I started off this year thinking I was finally going to get serious about my photography and try to make a transition into that as my full-time gig. I paid a marketing person, we came up with collateral and a marketing schedule, and when we were done, I…didn’t do anything. I didn’t want to do it. I didn’t want to spend most of my time posting about my photography instead of actually doing the work itself.

So instead of doing all of the marketing on other platforms about my photography, I somehow ended up reviving my newsletter and spending a lot more time writing, but I’m writing about the things I want to write about. One of my newsletters each week focuses on images I’ve created and dives into what I like about them or why I edited them how I did. And I’m not doing it to be educational or ~provide value~, I’m doing it because I think it’s cool and I think being deliberate and reflective about my choices will make me better at photography. A reader gave me a great idea to post the original images as a comparison, and I thought that was a great idea, so I’m doing that too.

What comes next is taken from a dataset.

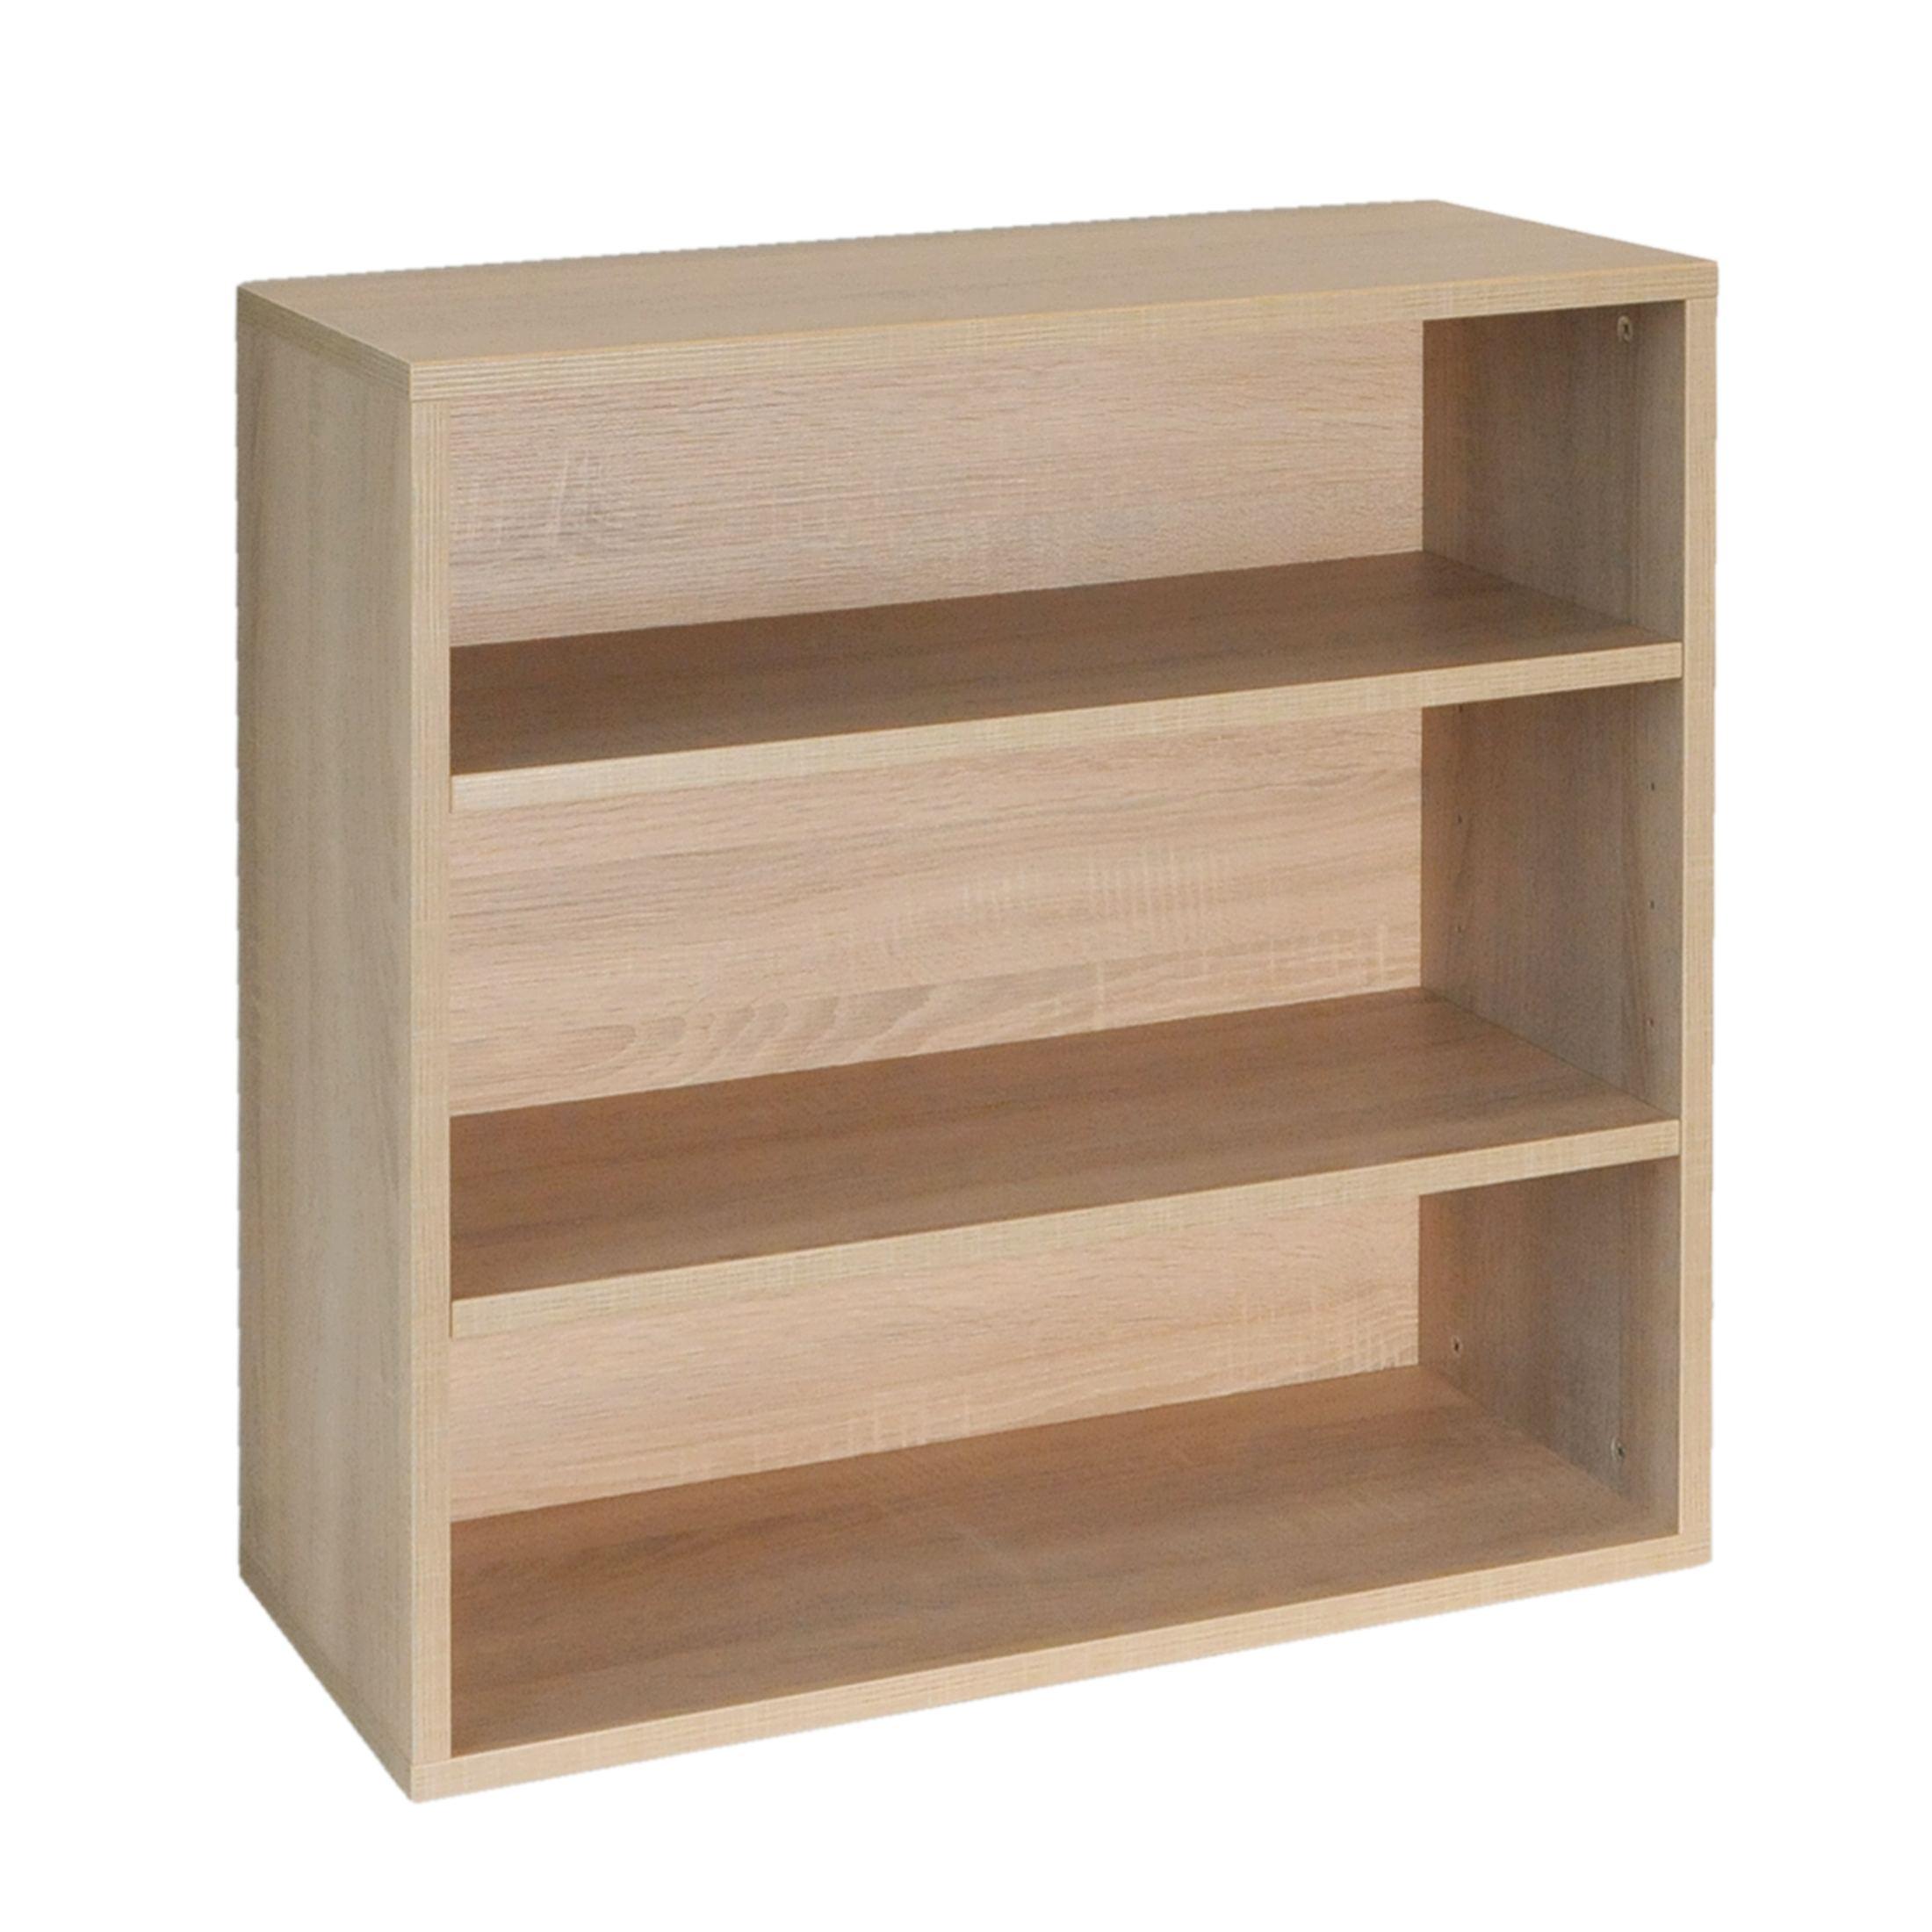 weinregal flaschenregal system cavepro holz melamin. Black Bedroom Furniture Sets. Home Design Ideas

Photography still isn’t my full-time job (or even close; I don’t think I’ve even linked to my print site on my Substack) but at least I’m spending more of my time doing things that don’t feel like a huge drag and more of it working on my photography and sharing my art with people. I don’t want to make videos for people to tap past on Instagram. I don’t want to have to Show My Face to Create A Connection to try and get people to feel like they know me and want to buy prints of my work. I just want to make my cool stuff and share it on my own terms, and if that means I’m gonna have to work my email job until I’m 65, at least I’ll be happy.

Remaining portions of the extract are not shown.